Time Complexity: O(V + E), where V is the number of nodes (n) and E is the number of edges (total number of red and blue edges). The BFS algorithm visits each node and edge at most once.

Space Complexity: O(V + E), dominated by the adjacency lists and the queue in the worst case (when the graph is dense).

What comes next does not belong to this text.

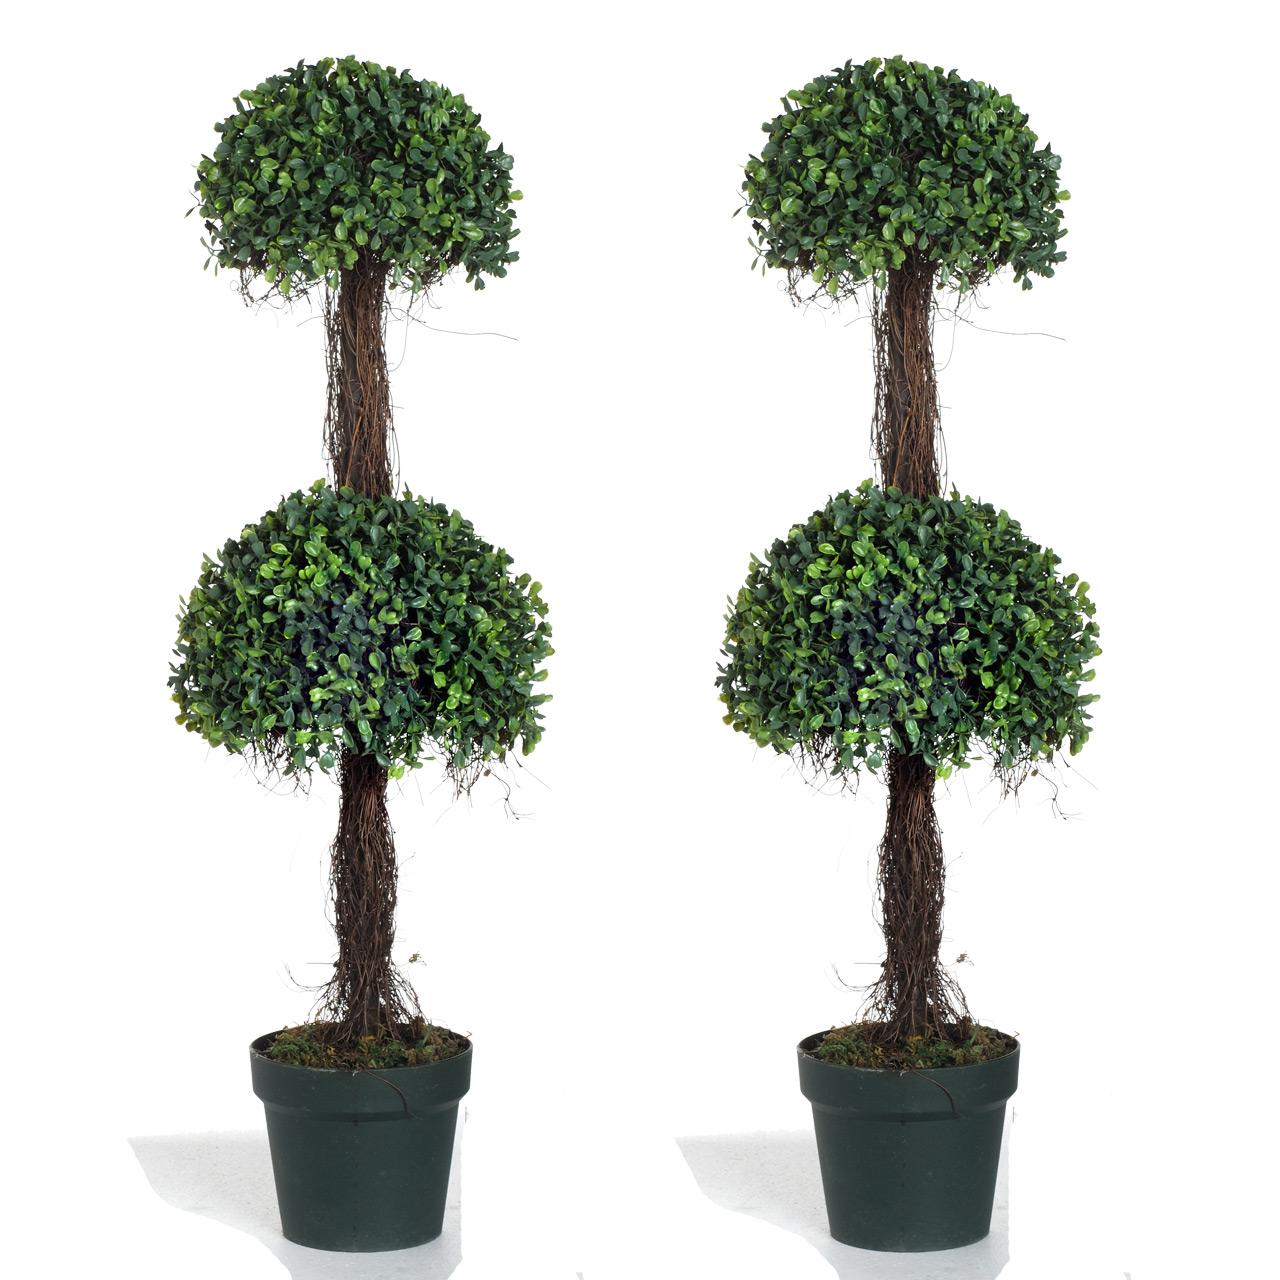 {} ARTEVALUCE Искусственное растение Kiara (91 см - 2 шт) lefard искусственное растение arley 85 см

Code Implementation (Python):

from collections import defaultdict, deque
 
class Solution:
    def shortestAlternatingPaths(self, n: int, redEdges: List[List[int]], blueEdges: List[List[int]]) -> List[int]:
        g = [defaultdict(list), defaultdict(list)]  # Adjacency lists for red (0) and blue (1) edges
        for u, v in redEdges:
            g[0][u].append(v)
        for u, v in blueEdges:
            g[1][u].append(v)
 
        ans = [-1] * n             # Shortest distance to each node
        ans[0] = 0                 # Distance to starting node is 0
        vis = set()                # Visited nodes with colors
 
        q = deque([(0, 0), (0, 1)]) # Queue of (node, color) tuples
        vis.add((0,0))
        vis.add((0,1))
        d = 0                       # Level/Distance
 
        while q:
            for _ in range(len(q)): # Process nodes at current level
                i, c = q.popleft()
                
                # Explore neighbors with opposite color
                next_color = 1 - c
                for neighbor in g[next_color][i]:
                    if (neighbor, next_color) not in vis:
                        vis.add((neighbor, next_color))
                        q.append((neighbor, next_color))
                        ans[neighbor] = d + 1
 
 
            d += 1 #Increment distance for next level
 
        return ans
 

The code in other languages (Java, C++, Go, TypeScript) follows a similar structure, adapting the data structures and syntax accordingly. The core algorithm remains the same: BFS with color tracking and efficient visited node management.